(208c) An Integer Optimization Framework for Selecting Informative Genes | AIChE

(208c) An Integer Optimization Framework for Selecting Informative Genes

Authors 

Wu, J. - Presenter, Rutgers - The State University of New Jersey


Microarray experiments are emerging as one of the main driving forces in biology. By allowing the simultaneous monitoring of the expression of an organism's entire genome, array experiments provide tremendous insight into fundamental biological processes. One major challenge is to identify computationally efficient analyses that extract the most informative and unbiased components from the entire microarray data set. Recently, we presented (Androulakis 2005) an approach combining optimization and machine learning techniques (i.e., decision trees) for selecting minimal sets of maximally informative genes. Despite the significant success that we demonstrated, a number of issues remain. Primarily, the implicit definition of the classification model renders the overall solution cumbersome but also makes extensions, such as analysis of robustness and creation of multiple sets of informative features, complicated.

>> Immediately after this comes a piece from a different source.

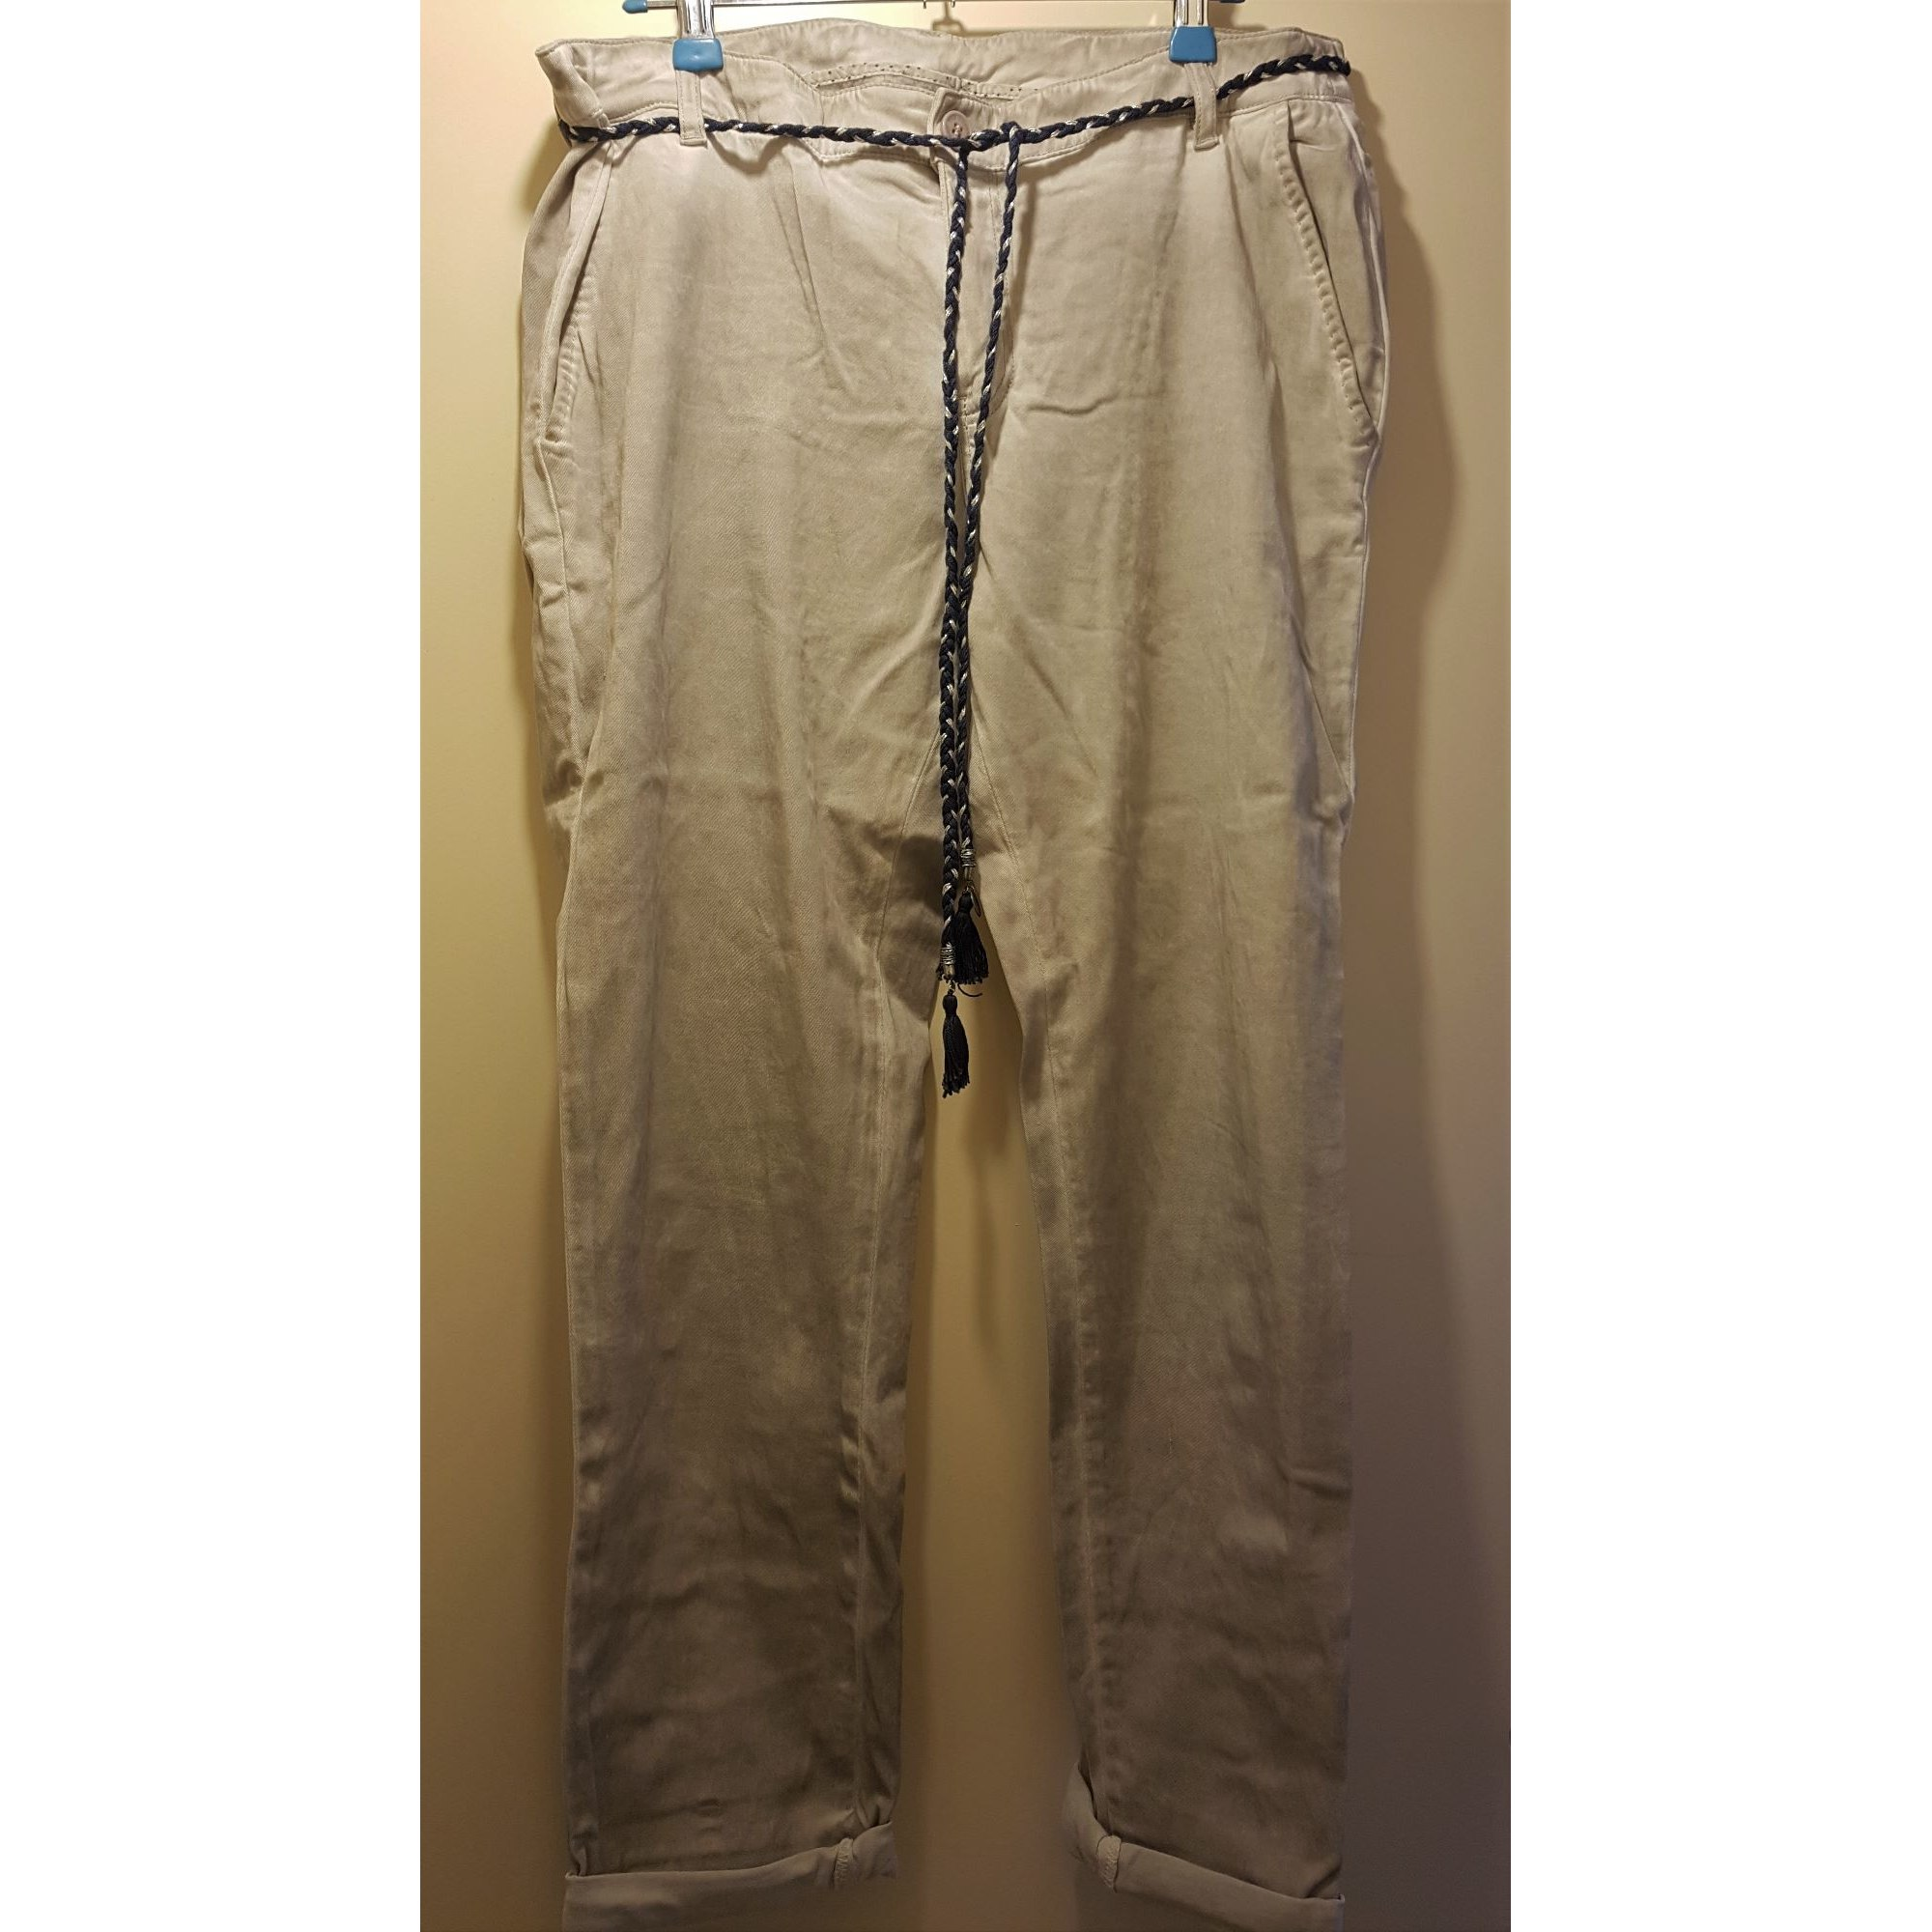 Pantalon droit IKKS Blanc, blanc cassé, écru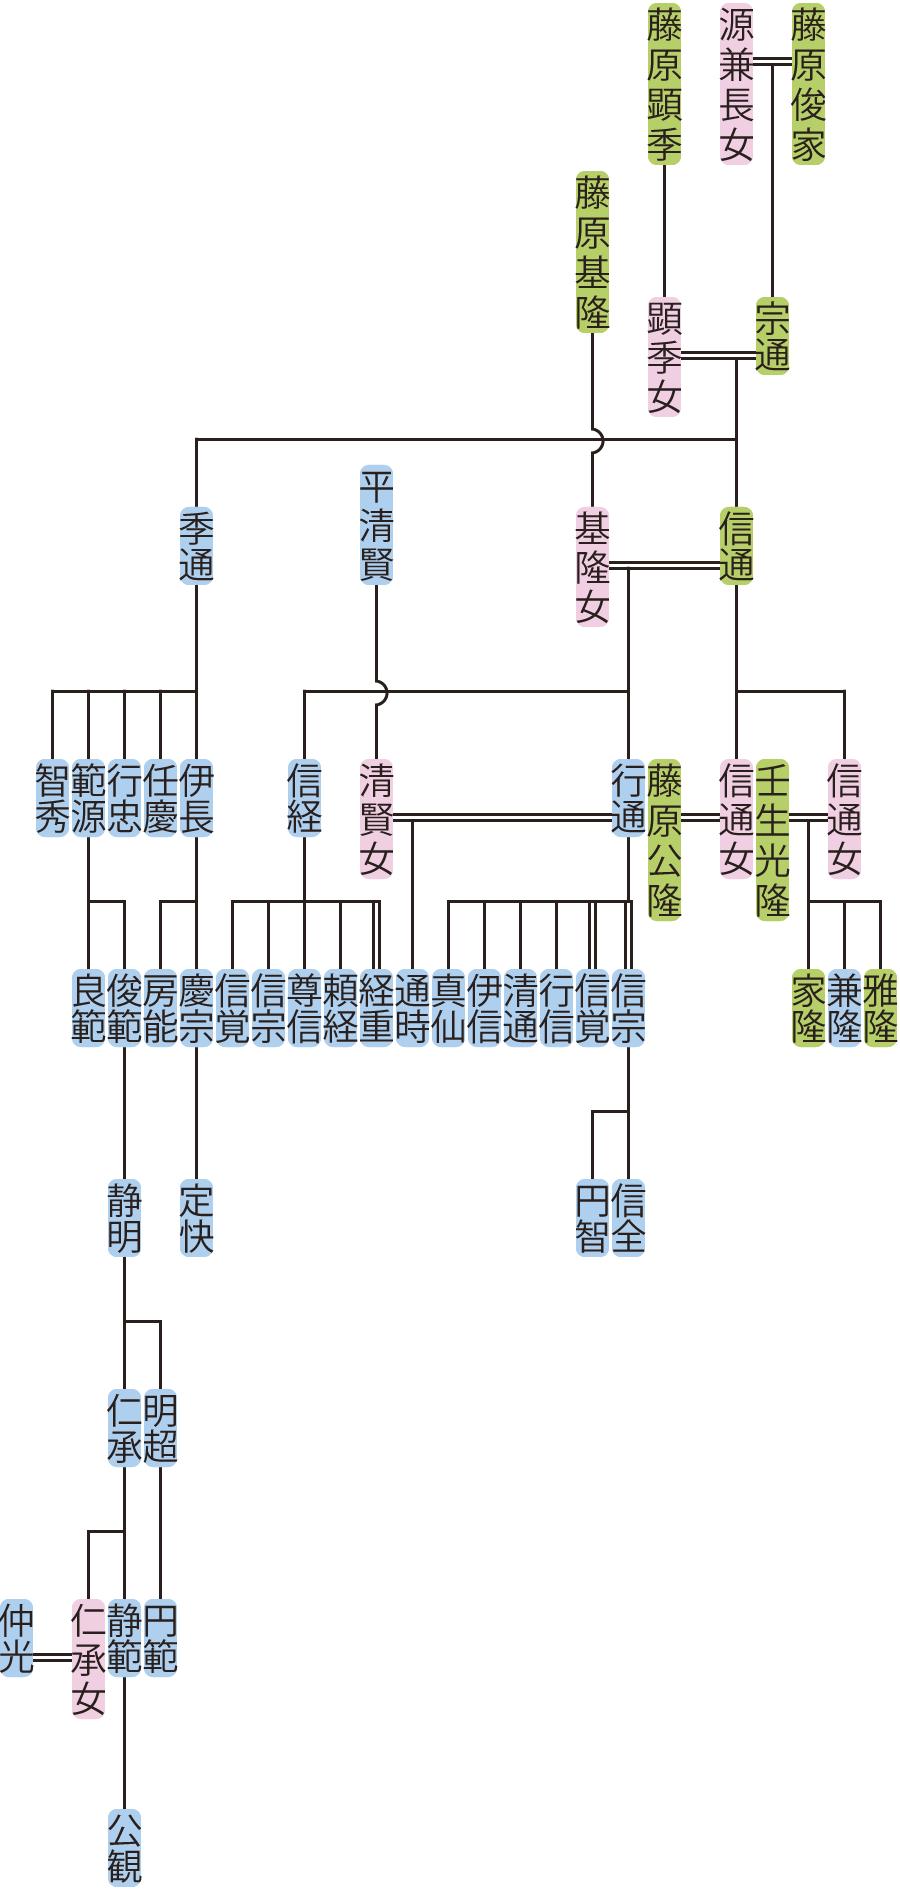 藤原信通・季通の系図

We will discuss our current work towards the development of a generalized framework based on a mixed-integer optimization formulation coupling optimization-based classification models and feature selection. We model the feature selection via the appropriate use of binary variables. Recently, (Street 2005) discussed an interesting optimization model (OC-SEP) for the derivation of multi-category oblique decision trees. The foundation of this algorithm is the formation of an orthogonality-based separation vector, which approximates the overall distance of the elements in each class vector, a given subset of the examples, above or below a given separating hyperplane. Each successive separating surface is the solution of the nonlinear optimization problem (OMCT) (Street 2005). This formulation has the advantage of building, recursively, arbitrary linear separators between the data. The objective attempts to make sure that for each class the majority of the points are either above or below the plane, and the trivial solution is avoided. The advantage of this formalism is the closed form representation of the classification problem renders the problem amenable to extensions. However, a number of limitations exist, and our work's purpose is to address them. Specifically, we seek to address the following issues:

1. The (OMCT/OC-SEP) formulation, as is, does not perform any feature selection,

2. The formulation needs to be solved recursively to construct the classifier and can not be solved as one single problem to build an equivalent classifier,

3. The formulation does not have the ability to construct an ensemble of classifiers in a systematic way,

4. The formulation does not account for modeling complexity,

5. The formulation is highly non-linear, and

6. The formulation is non-convex.

We present our novel extensions of this framework for selecting informative genes as the solution of a single, large-scale integer optimization problem and present our modeling approach for addressing all the aforementioned modeling limitations (items 1-4 in the list mentioned previously). Furthermore, we will:

1. Suggest numerous reformulations aimed at removing some of the critical problems associated with the original formulation (item 5 in the list mentioned previously), and

2. Explore the possibilities offered by global optimization methods already implemented in commercially available packages [e.g., BARON in GAMS (Sahinidis 1996)] to address the issues related to the possible non-convexities (item 6 in the list mentioned above).

We propose possible algorithmic decompositions for solving the large-scale optimization problem and explore distributed branch-and-bound implementations (Androulakis and Floudas 1999) for the solution of this very demanding computational problem. We test our methodology using an extended library of publicly available microarray data sets.

References

Androulakis, I. P. (2005). "Selecting maximally informative genes." Computers & Chemical Engineering 29(3): 535-546.

Androulakis, I. P. and C. A. Floudas (1999). Distributed Branch and Bound Algorithms for Global Optimization. Parallel Processing of Discrete Problems. P. M. Pardalos. New York, Springer-Verlag. 106: 1-36.

Sahinidis, N. V. (1996). "BARON: A general purpose global optimization software package." Journal of Global Optimization 8(2): 201-205.

Street, W. N. (2005). "Oblique multicategory decision trees using nonlinear programming." Informs Journal on Computing 17(1): 25-31.